- Author
- justinc
- URL
- https://seattle.cs.washington.edu
- Abstract
- The Seattle testbed allows students to easily do assignments that span thousands of real machines all around the Internet. Seattle has been used in 11 classes in the past 18 months and has a rich set of resources provided by the community of students and educators who are using it.
The Internet is a large and complex collection of machines. Learning Internet protocols and network characteristics is a challenge for students in part due to the diversity of Internet devices. Seattle makes learning about the Internet easy by providing students with a simple to learn Python-based language and a tool-rich environment that simplifies distributed deployment and monitoring of programs running across Internet hosts. Seattle can help instructors augment lectures with real-world, hands-on assignments across thousands of computers. As of May 2010, Seattle has been used in 11 classes at universities around the world.
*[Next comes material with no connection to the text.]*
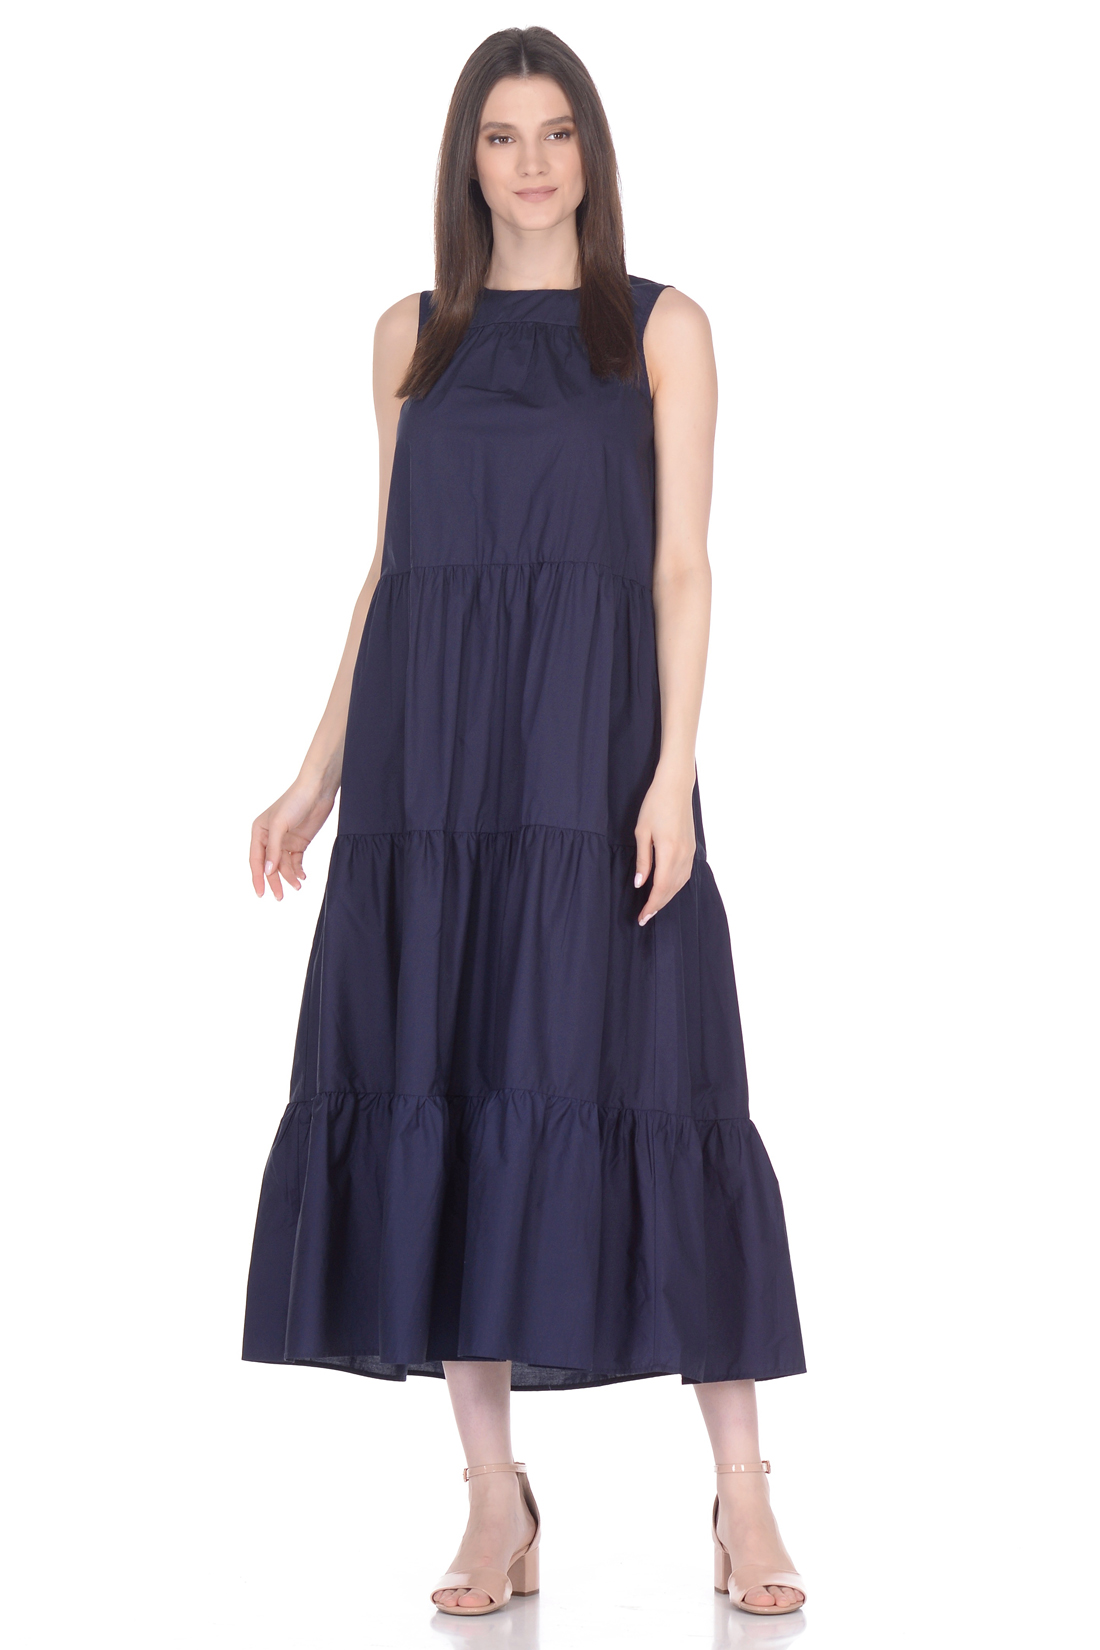 Ярусное платье из хлопка (арт. baon B458062), размер S, цвет синий Ярусное платье из хлопка (арт. baon B458062) - фото 1

The Seattle team is dedicated to helping instructors get started with using Seattle in the classroom.
Tags: testbed, seattle, exercises, lab, software
Comments
I just now noticed a message on the SIGCOMM Educational Portal asking for information about how to use Seattle. I'd be happy to answer any questions you might have.
For general questions, this site has a high level picture of the platform: https://seattle.cs.washington.edu/html/ ( Note: these links will change to seattle.poly.edu quite soon... )
Linked from there are tutorials: https://seattle.cs.washington.edu/wiki/RepyTutorial
And also pre-created educational modules that are easy to adopt: https://seattle.cs.washington.edu/wiki/EducatorsPage
Unlike PlanetLab and other testbeds, Seattle is really easy to get started with. You can register for an account on our clearinghouse ( https://seattleclearinghouse.poly.edu(approve sites) ) and literally be deploying your code within minutes. It also makes your life as an instructor easier because your don't have to manage slices for your students.
Anyways, I just wanted to give some more general information. Definitely email me if you have any questions!
Thanks,
Justin
Contact jcappos@poly.edu for more information.
Seattle vs. planet-lab testbed
Hello,
I used before the PlanetLab Platform to test a p2p storage protocol in soem real conditions for research objectives. However, I'm now an instructor and I'd like to use Seattle for teaching objectives. who do I contact to get started?